Rameshwar Broota experiments with a new form

Written By Gargi Gupta | Updated: Feb 11, 2018, 08:58 AM IST

Artwork (Left and Right) ‘untiltled’, mixed media

Rameshwar Broota, arguably one of India’s finest treasures as an artist, has something new to say. Gargi Gupta listens with rapt attention

Most artists have a signature style, or ‘subject’ matter – Raza’s ‘bindus’, for instance, and MF Husain’s thick trokes. It’s what gets them approbation. Rare is the artist who’ll try out something entirely new, especially once he’s tasted success with his current style.

Rameshwar Broota – the painter whom Kito de Boer, Dutch collector of Indian art, described as “one of India’s finest treasures”, and “not simply a good artist…[but] a great artist” in his foreword to a book marking the retrospective exhibition at the Kiran Nadar Museum of Art – is one such rarity. For long Broota’s trademark style was the “scratch” technique – unlike most artists who apply paint to create images, he first layers the canvas with paint and then painstakingly scratches it out for forms to emerge. It’s a style he’s worked on from the 1980s onwards, achieving a wonderfully luminous effect in monochrome. Of course, there’s been an evolution in form – from the humanoid apes of his early paintings in this style, to later bare-bodied males, architectural shapes – only describable as dream- or nightmare-scapes.

But the works at Vadehra Art Gallery’s recent Broota show, Scripted in Time – his first solo in more than four years – signals not just a development, but a clear departure in style and medium. For the first time in his more-than-50-year-long career, Broota has sculpted three-dimensional forms made with epoxy resin painstakingly layered and as laboured as his paintings. Suspended between each layer of the clear, glass-like material are bits of paper, tiny objects, even lines of hieroglyphics that seem to recede into the depths. The  effect is not unlike that of a fossil, with the stamp of time laid bare.
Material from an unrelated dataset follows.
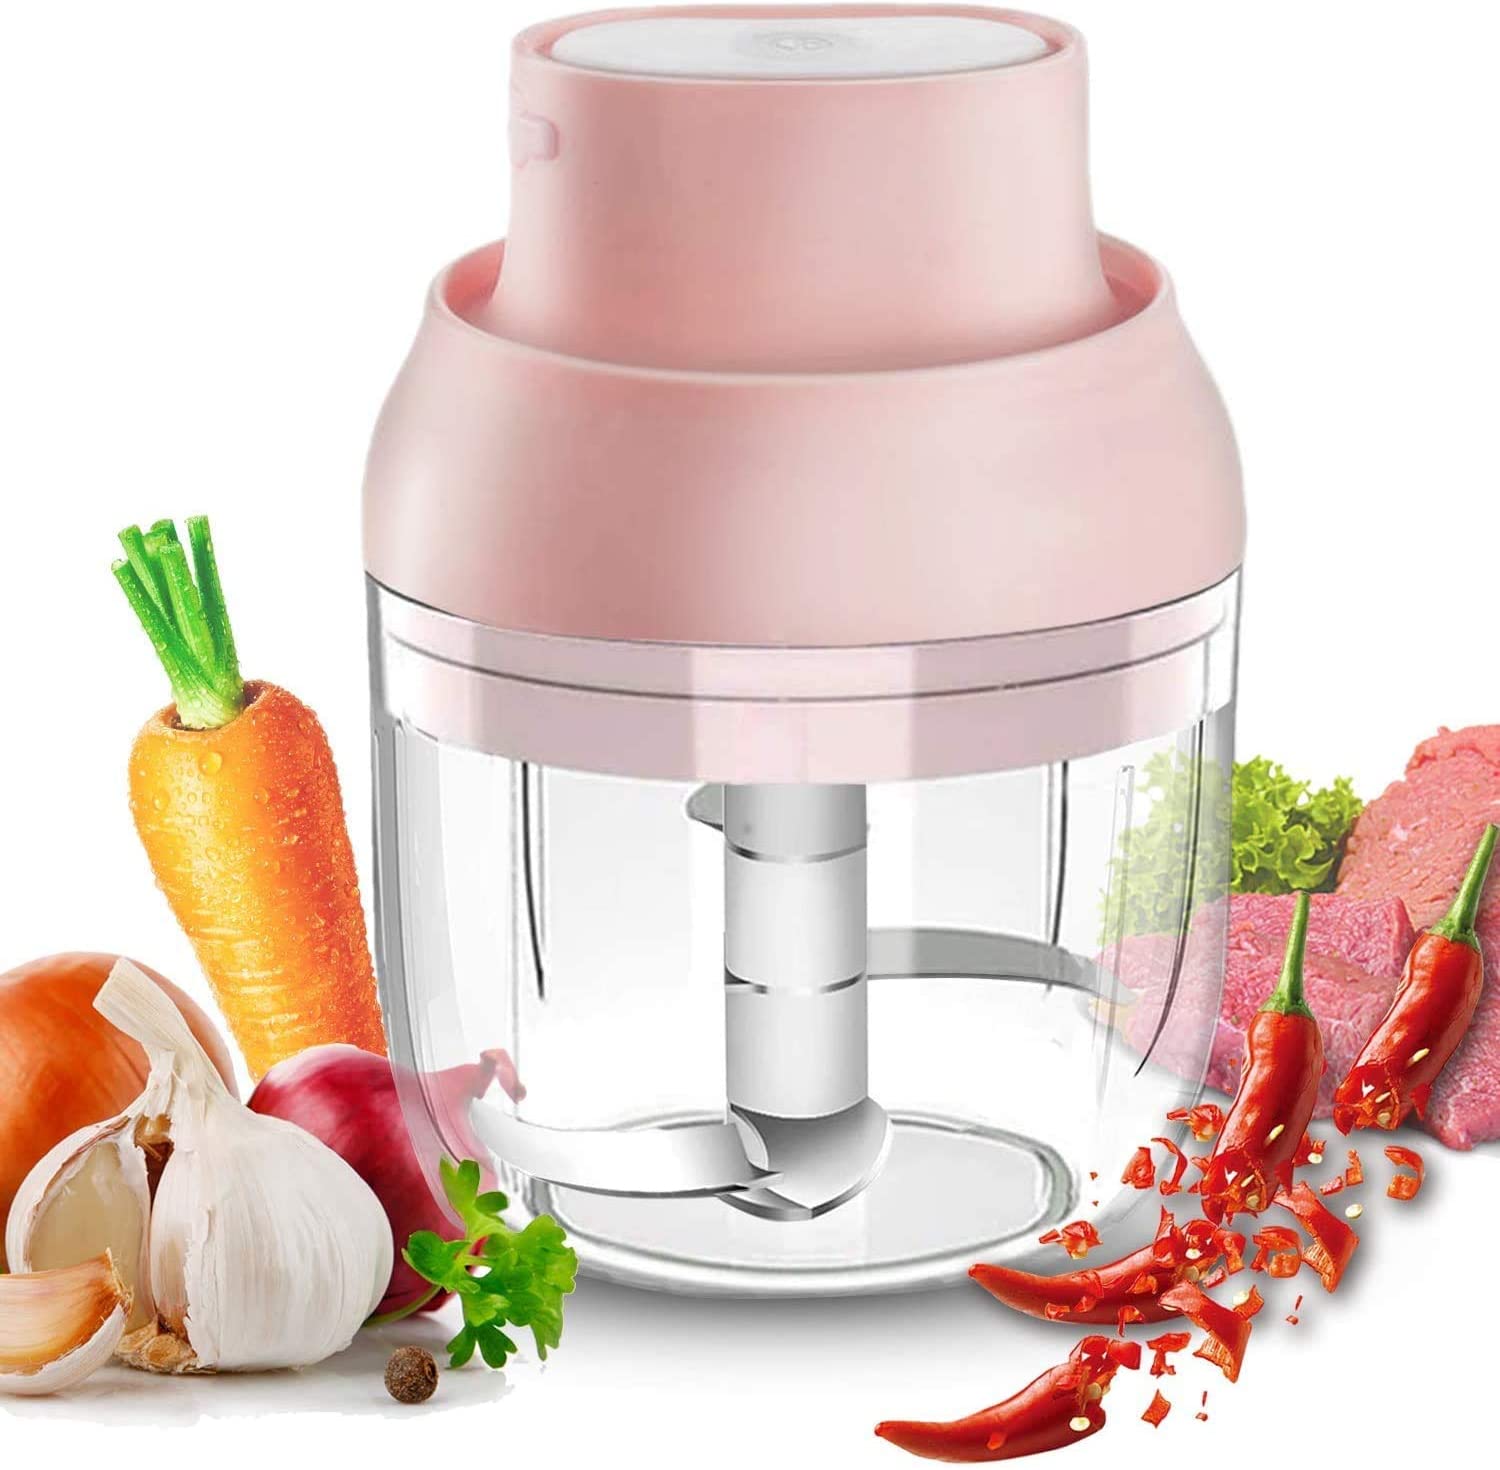 iWhale Mini Electric Kitchen Chopper, 250 ml Electric Portable Food Processor USB Charging Vegetable Mixer with 3 Sharp Blades, Small Mini Grinder for Baby Food, Meat, Onions, Garlic

“Two years ago, I was clearing a paper shredder and liked the look of the colourful paper cuttings. They would look so good, I thought, if they were suspended in clear glass,” says Broota. That started off a search for a suitable medium: stable, clear, easy to handle – traits found in epoxy resin. “There are immense possibilities with this medium and I liked working with it,” he adds. So much so that he confesses that this is all he’s been doing for the past two years – “painting vainting to chhoot hi gayi,” he smiles.

Despite the apparent divergence of form and medium,  Broota feels, there is a correspondence between his sculptures and paintings – both have the same artistic preoccupation of making layers visible. “Even in photography” – something the artist has dabbled in since the 2000s – “which I alter on the computer, my work is in layers”. Similarly, for his paintings, scraping allows him to reveal the layers of pigment – lighter tones beneath dark coats above.

There’s also another attraction – that of working with the hands. Unlike many contemporary artists who have assistants, or achieve their effects in a factory, Broota does everything himself inside his studio space at Triveni Kala Sangam in Delhi, where he’s worked as head of the painting department since 1967. “It’s dangerous, even carcinogenic. So I have to wear a mask and keep the exhaust on. But I enjoy working with my hands,” says the 76-year-old artist who reveals that until about a year ago, he even stretched his canvases himself.

“Change,” says Broota, “is an internal need for me. I can’t repeat myself. If someone asks me to make another painting, say in the ‘man series’, which did so well, I can’t do it now. I reached a saturation point with that expression. I must have something new to say.”